Now that I’m two months shy of college graduation, those parameters are much broader. I want to writer or do PR, in Columbus or Indianapolis. I need to work for a company I’m passionate about, and I need to be able to pay the bills. Oh, but also: I might be willing to move, might be willing to spread my wings and fly a bit. There’s also the possibility of making a career out of writing. And certainly, I can do all these things after I graduate or I could take six months to travel and volunteer first.
So, basically: I have a multi-tiered, circuitous plan that doesn’t have any clear direction. Coming from the person who has matching, color-coordinated physical and digital calendars: This is a tough pill to swallow.
And the reason I write this, is because I know I’m far from alone. Whether you’re finishing out your college days or moving from one stage of adulthood to another: We’re all a little unsure of our future direction.
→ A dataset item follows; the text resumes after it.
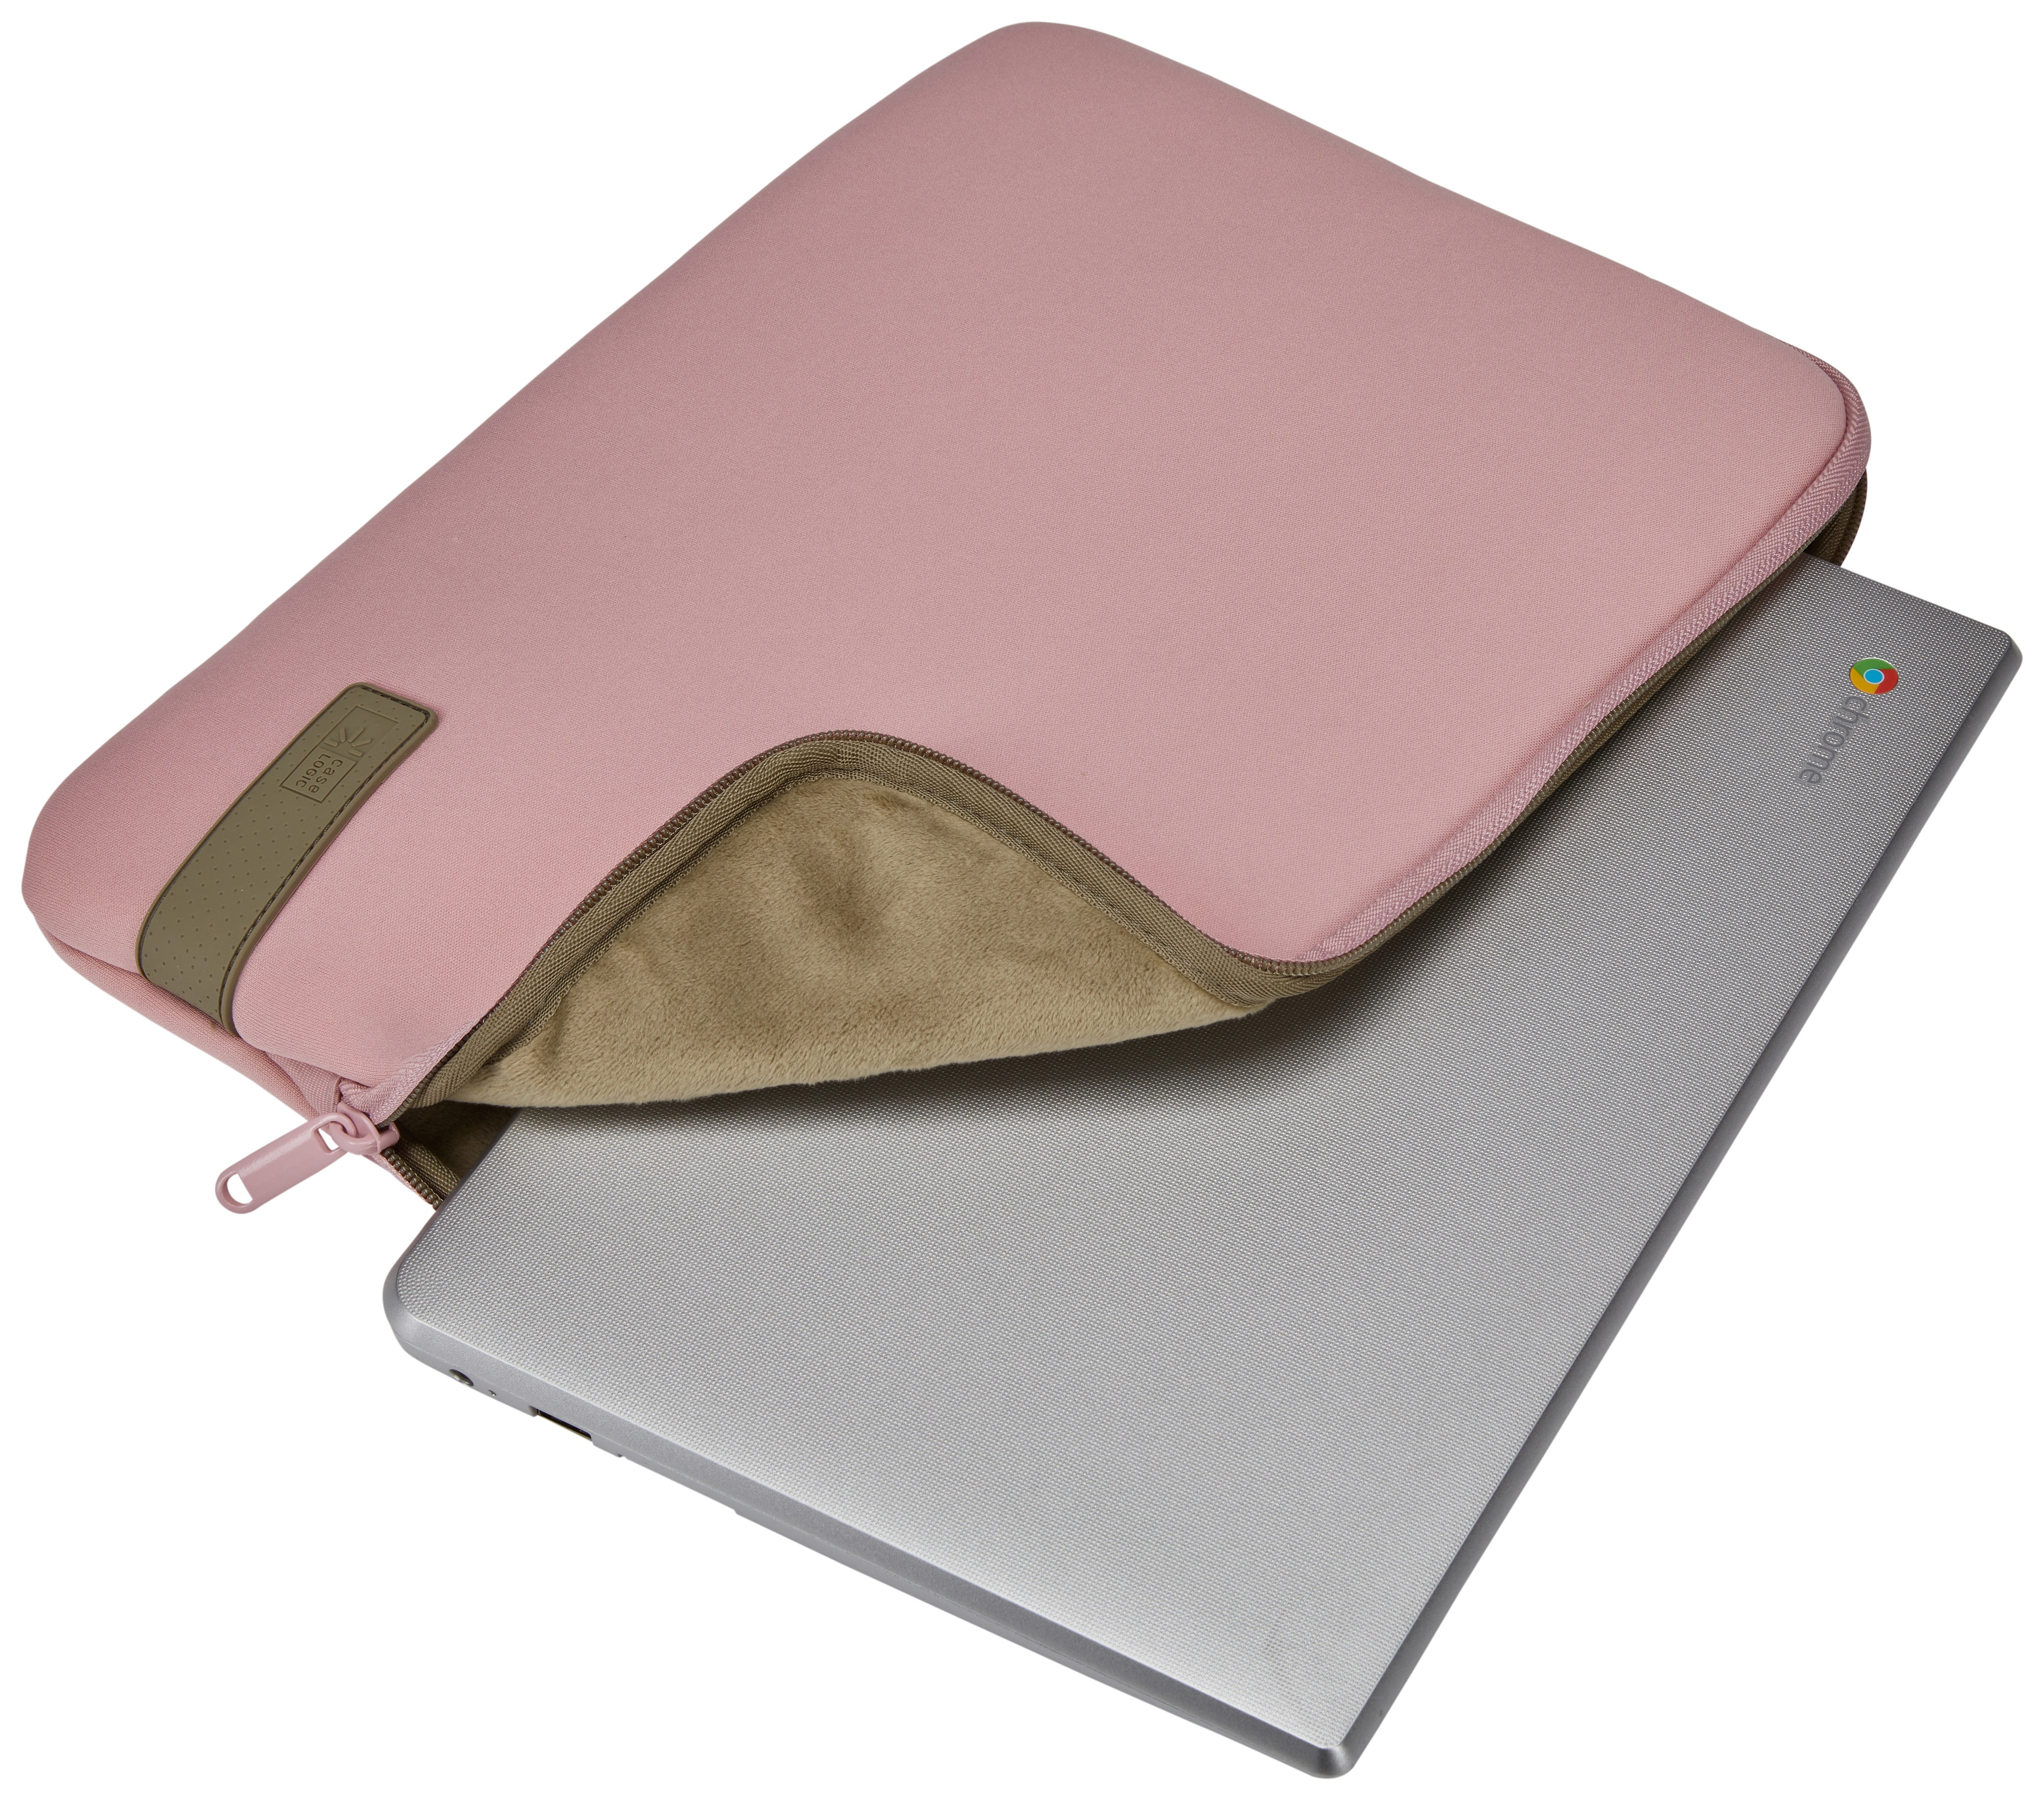 CASE LOGIC Reflect Notebook sleeve Pink/Mermaid Polyester, Sleeve Universal für Zephyr

But I’ve been comforted lately by the faithfulness of the Lord in the lives of the Israelites. Over the past year, I’ve poured through the Old Testament, learning about the God’s chosen people. Turns out, they were far from stellar in their track record of obedience. They begged for God to deliver them from slavery, then they begged for Him to take them back. They complained they didn’t have enough food, and then they groaned that God was providing them with the same food all the time (Numbers 11:4). They whined “Give us a king like those other nations,” and then they were angry that the whole king-arrangement didn’t work out so well.
Basically: They were consistently inconsistent in their pursuit of God. Kind of like me. Kind of like you, I would guess.
Despite all that, God had a plan for them. He had a plan that wove beauty out of their murderous, incestuous, idolatrous hearts. Why? Because He loved them. They were His.
Friends, we are in the same situation. We are going to mess up. We are going to fall flat on our faces every once in a while. But the God of the Israelites and the Lord over sin and death, is madly in love with us. And He’s going to do everything He can (aside from infringing our free will) to draw us nearer to Him for ultimate, unending joy.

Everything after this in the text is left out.